Первая мировая. Брусиловский прорыв — страница 27 из 121

   — Да как сказать вам, — было, конечно... Корову баба держала, молоко там, сливки, творогом индюшат кормила... Курей штук двадцать, кролы... Ну, опять же, огородишко там у нас, — летнее дело, — кавуны, дыни там, редиска, морковка, картофля, — всё зрящее, а что касается настоящей пищии, — не-ма-а...

Подошёл в это время фельдфебель Верстаков с докладом о чём-то и не дал Ливенцеву узнать у Кузьмы Дьяконова, какую же именно пищу считает он «настоящей».

А другой ополченец, Завертяев Тихон, «вредными вендами» назвал как-то в подобном разговоре с ним Ливенцева картины. Он до войны служил в богатом доме лакеем, и там его наста клял и каждый день обтирать пыль с картин, развешенных на стенах, — вот из-за этой пыли картины у него и стали вредными вещами; сказать же, что это были за картины, он не мог, так как это ему, по его словам, было «совсем без надобности», — картины и картины... «А кому из гостей интерес был на них смотреть, те смотрели».

Всё-таки ежедневная забота о картинах приучила Завертяева к порядку, и солдат из него вышел довольно исправный. Но было много и таких, которые и солдатами были плохими и картинами не были огорчены, так как никогда их не видели, и все слова застывали на языке Ливенцева, когда его подмывало сказать им горячо и ярко о Родине, о том, какая святая возложена на них задача — защищать своею грудью родную землю.

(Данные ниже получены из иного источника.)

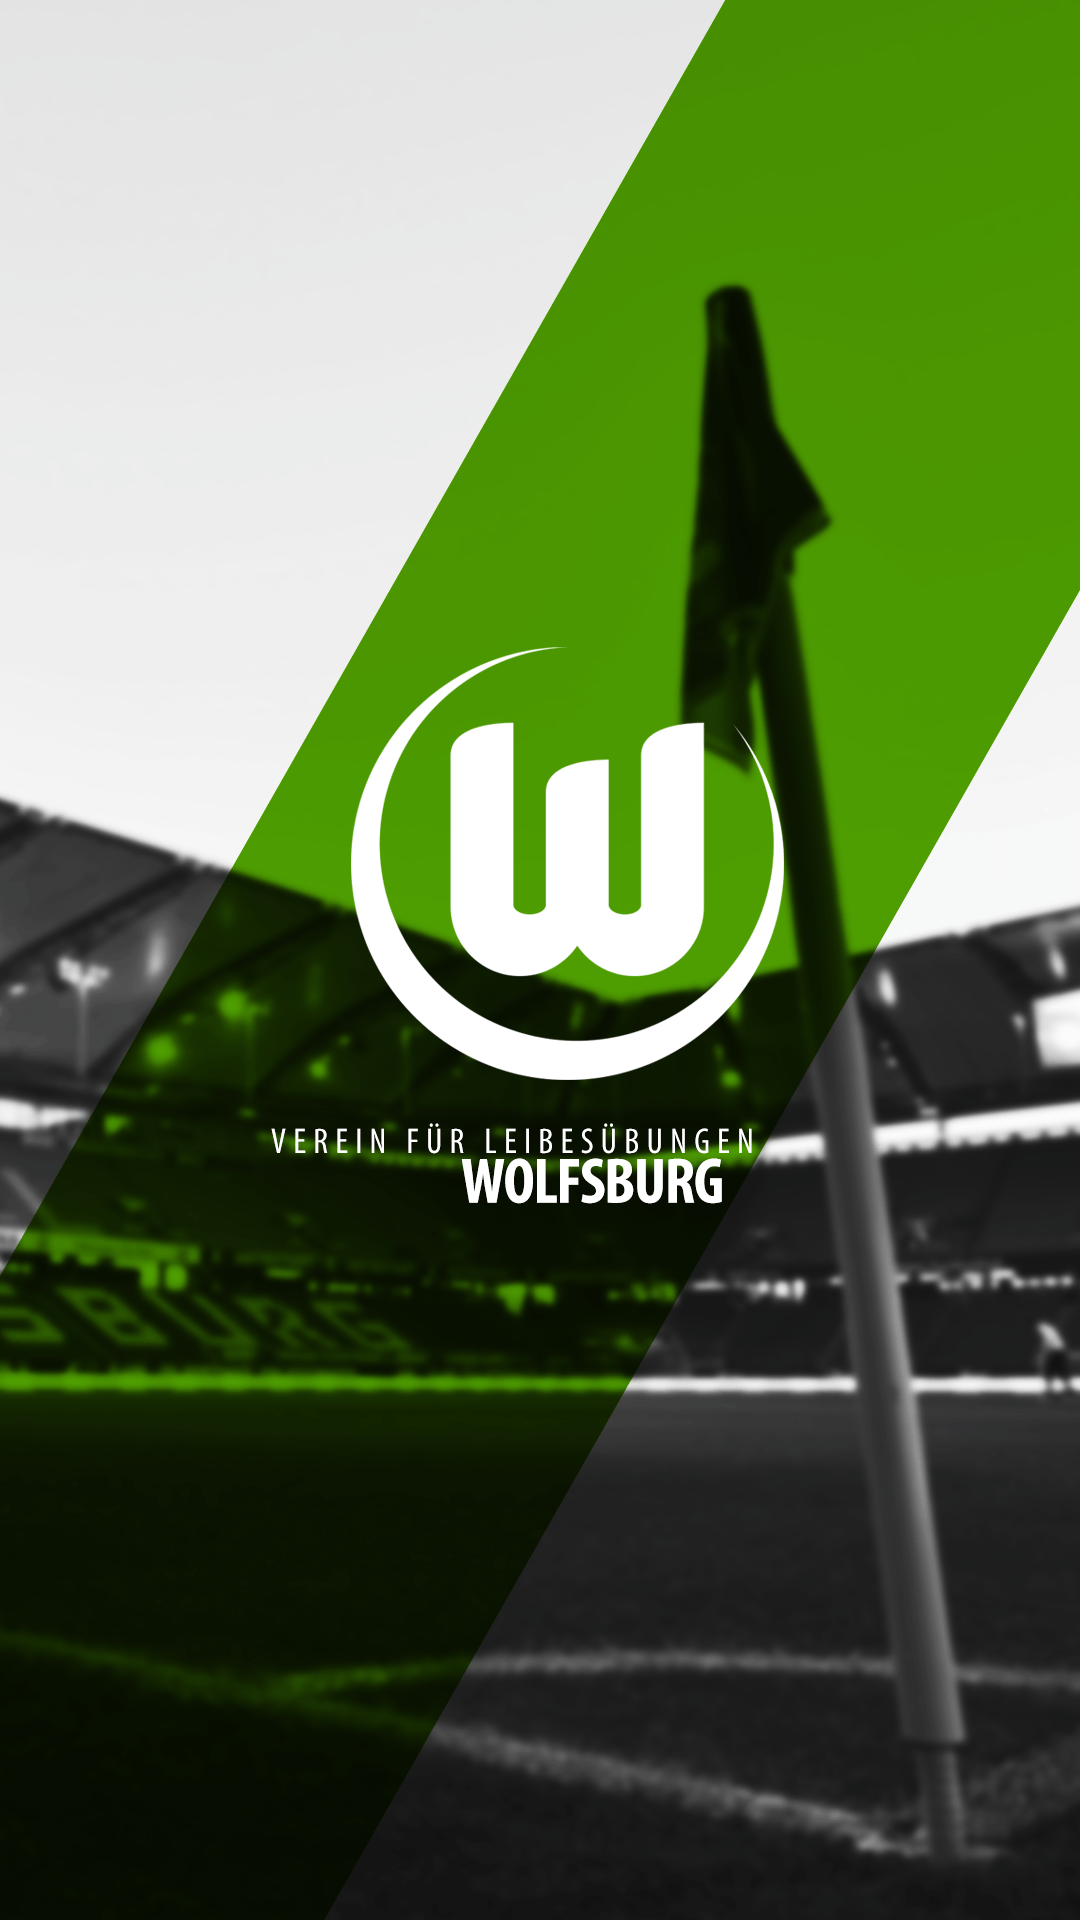 Mobile Vfl Wolfsburg Wallpaper. Full HD Picture

Он думал, что его поймут если не все солдаты его роты подряд, то хотя бы младший командный состав, и, собрав взводных и отделённых унтер-офицеров в одной землянке, повёл было с ними беседу о том, как приходили уж не раз завоеватели на русскую землю, но уходили с разбитыми зубами, а вот теперь такими завоевателями России хотят стать немцы. Но первый же из вызванных им на разговор взводных, бородатый и расторопный и тем похожий на Старосилу, Мальчиков, хитровато щурясь, сказал уверенно:

   — До нас, ваше благородие, немец не дойдёть, — мы вятские.

Оставалось только напоминать каждому, что он обязан был делать при штурме неприятельских окопов и что может всех ожидать в этих окопах, которые гораздо глубже русских, имеют отсеки и, пожалуй, будут защищаться упорно.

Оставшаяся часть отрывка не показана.